Syllabus and Overview of PHY 415#
In designing this course, we plan to emphasize more independent learning on your part and greater agency for you in determining what you learn and how you demonstrate you have learned. So you should expect:
to read a variety of pieces of information to coordinate information
to present your ideas publicly and to discuss them
to learn new approaches and novel techniques on your own
to become more expert than me in the areas of your interest
to learn more about scientists that you have not learned about
This is not to say that you are on your own. Here’s what you can expect from us:
resources, information, and tools to help you learn
support and scaffolding to move you towards more independence in your learning
timely and detailed feedback to help you along
a commitment to an inclusive classroom
Statement on the use of Generative AI tools
Contact Information#
Web page#
Web page for this class: https://dannycab.github.io/phy415fall23/content/intro
Instructor#
Prof. Danny Caballero (he/him/his)
Class Meetings: Tuesdays and Thursdays 10:20am-12:10pm (Location: 1300 BPS)
Email: caball14@msu.edu, office: 1310-A BPS
Office hrs: 4:00pm-5:00pm Wednesdays & Thursdays in the Strosacker Help Room (or zoom). If I’m not in Stroscaker, I’m in 1310 BPS; just come in. I also have an “open door” policy (find a time). I enjoy visiting and talking with you about physics.
Teaching Assistant/Grader#
Ian Neuhart (he/him/his)
Email: neuharti@msu.edu; office: 4214 BPS
Office hrs: 1:30pm-2:30pm Tuesdays, or by appointment
Learning Assistant#
Alia Valentine (she/her/hers)
Email: valen176@msu.edu
Office hrs: 3:00pm-5:00pm Fridays in the Strosacker Help Room. If I’m not in Stroscaker, I’m in 1310 BPS; just come in. Feel free to email me if you want to set up a time. I too enjoy visiting and talking with you about math and physics.
Grading#
Details about course activities are here and information regarding assessment is here. Your grade will be comprised of completing weekly discussion questions, seven of eight worked problems, and three of four projects that you will complete in the form of a Jupyter notebook (a “computational essay”, which we will discuss later).

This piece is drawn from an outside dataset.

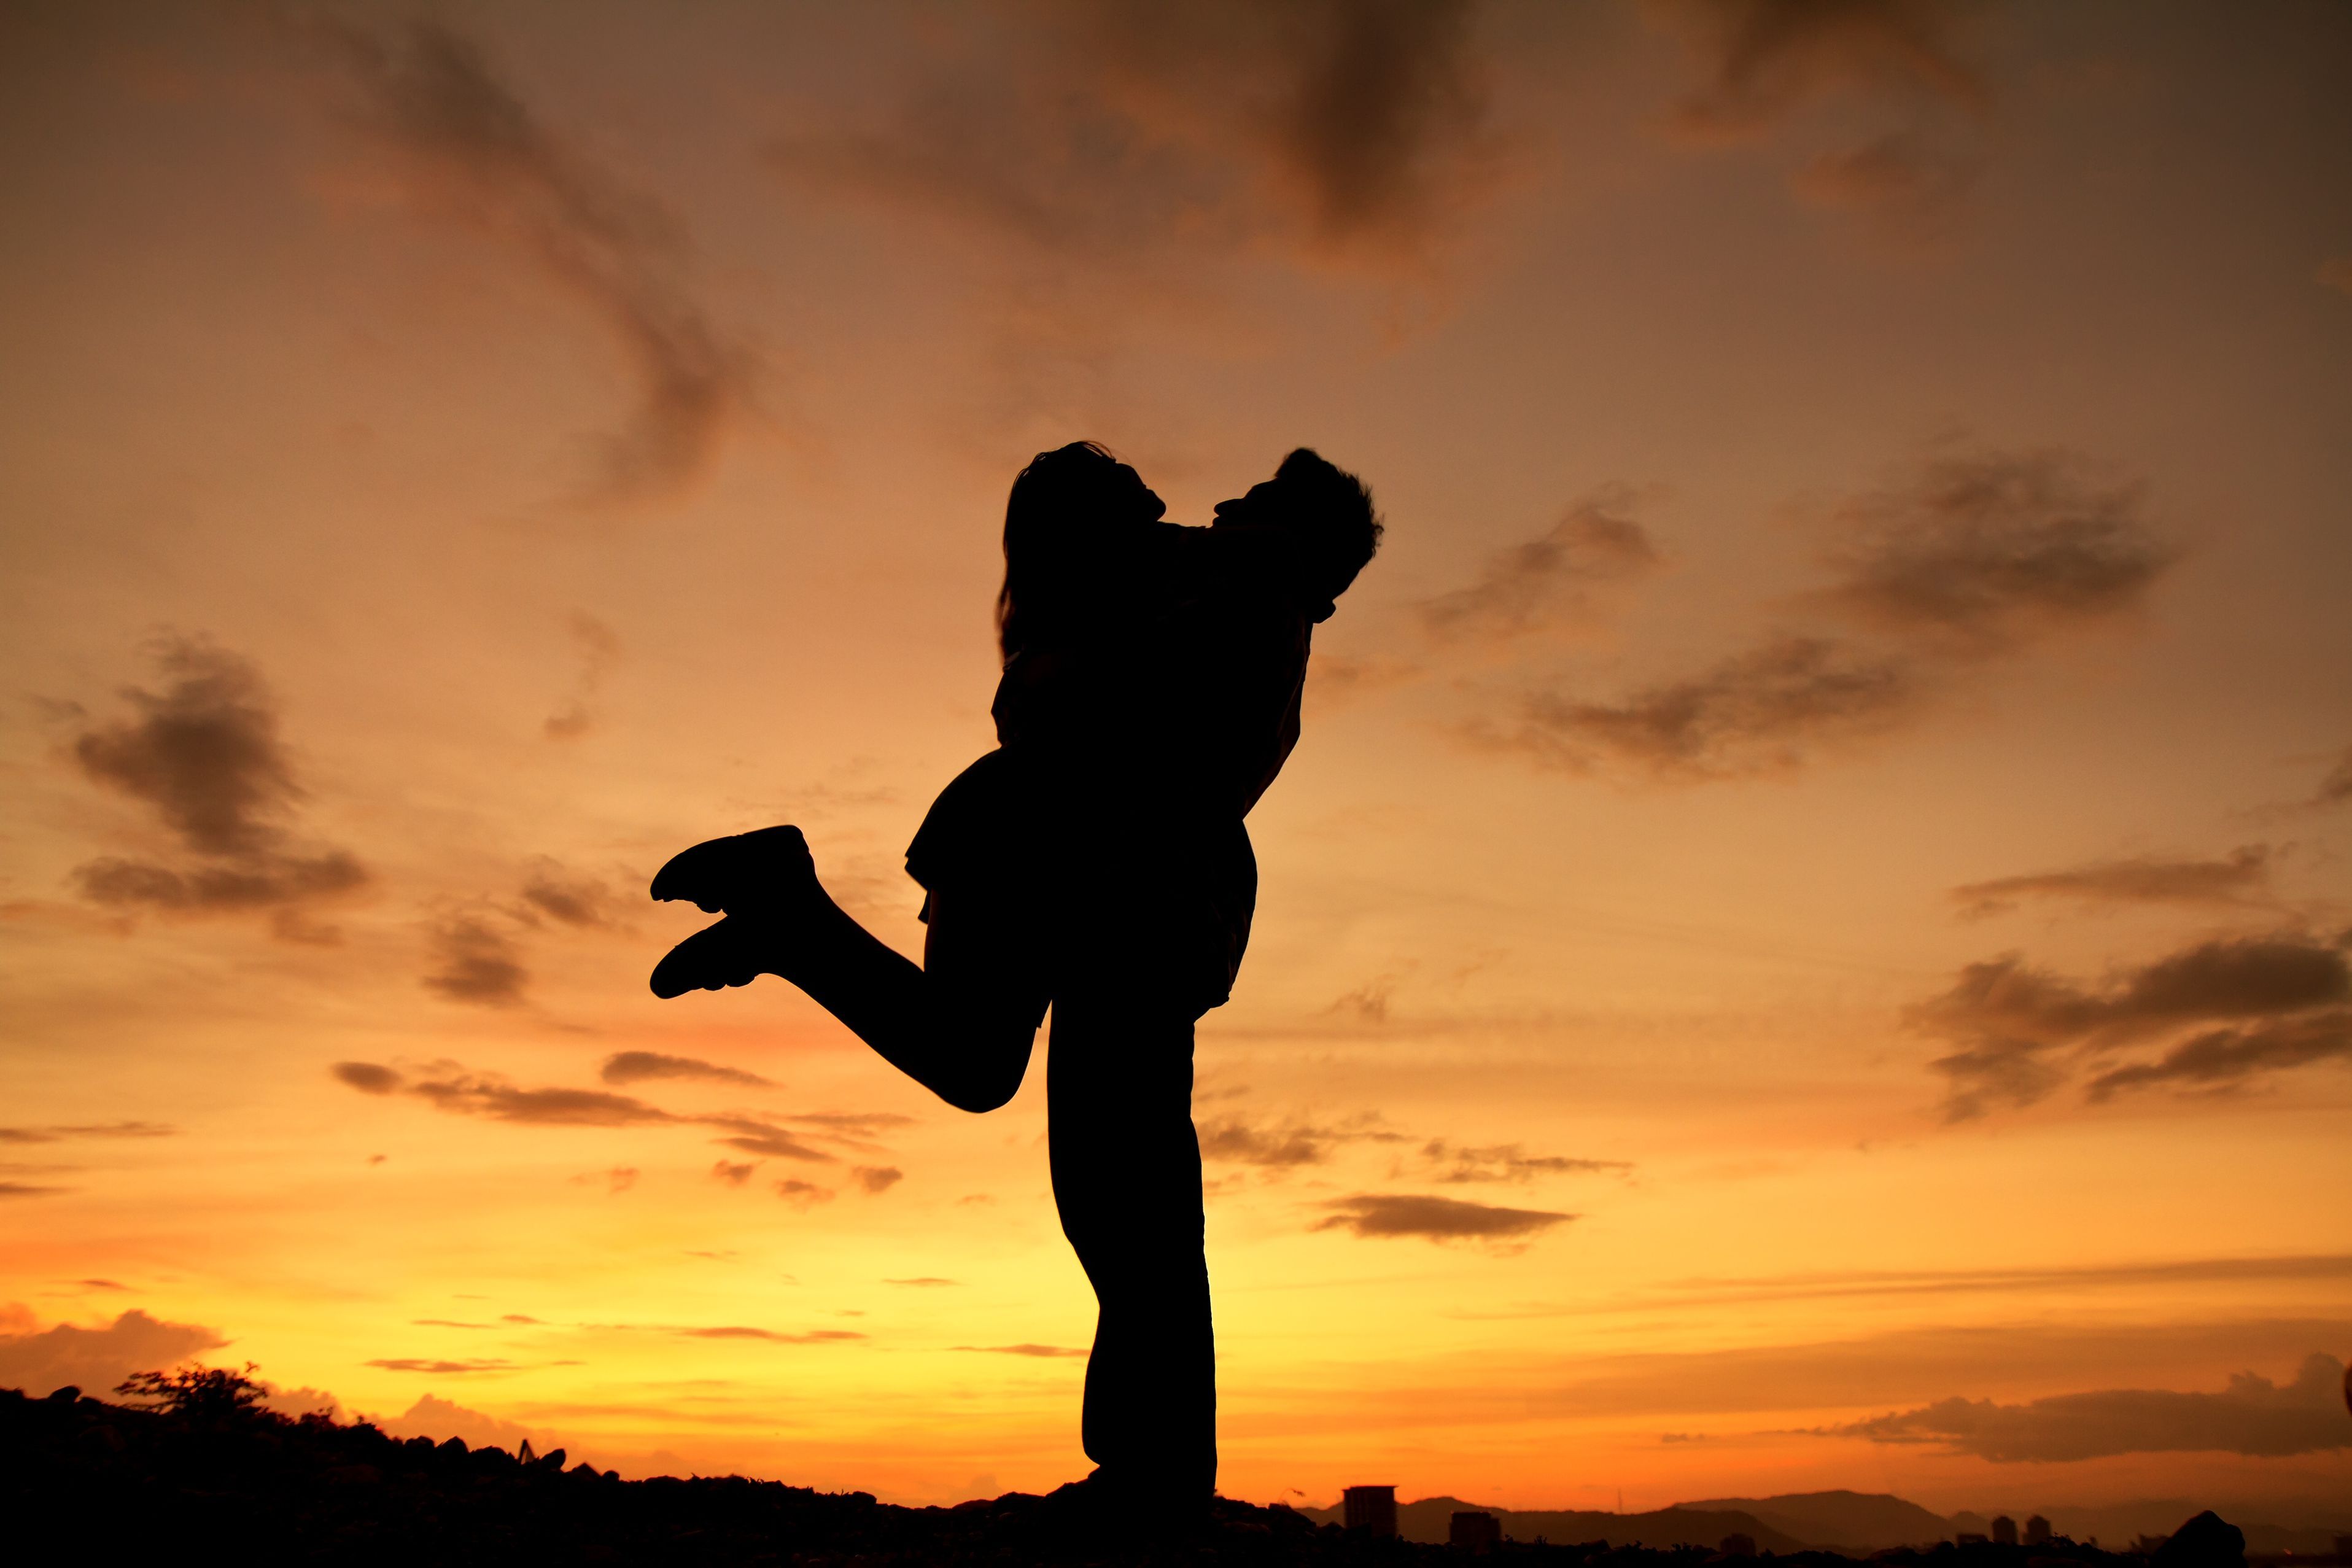 live wallpaper love couple,people in nature,sky,silhouette,sunset,cloud

Your grade is comprised of the following:
Activity |
Percent of Grade |
---|---|
Weekly Reading Questions (completion) |
5% |
Seven of Eight Worked Problems (5% each) |
35% |
Three of Four Projects (see below) |
60% |
Total |
100% |
Your grade on each project is split between completion (50%) and quality (50%). We will collectively define “quality” in class, but we have provided a preliminary rubric for us to work from for the first project. Your final grade will be scaled based on your best performances; there will be slightly more projects than what comprises your grade. The intent here is to to allow you space to explore a model or project that you really enjoy, and to reward you for doing that. How your project grade is calculated appears below.
Activity |
Percent of Grade |
---|---|
Best Project Grade |
25% |
2nd Best Project Grade |
20% |
3rd Best Project Grade |
15% |
While attendance is not required, you are unlikely to succeed with your projects without regular attendance and engagement.
“Extra” Credit#
We get that you might want to do more of the projects or maybe you fell a little behind during the semester. If you complete 8 of the 8 worked problems, you can earn up to another 5%. If you complete four projects, then your lowest scoring project will be included up to an additional 10%. These have to be completed within the usual due dates for the worked problems and projects; not at the end of the semester.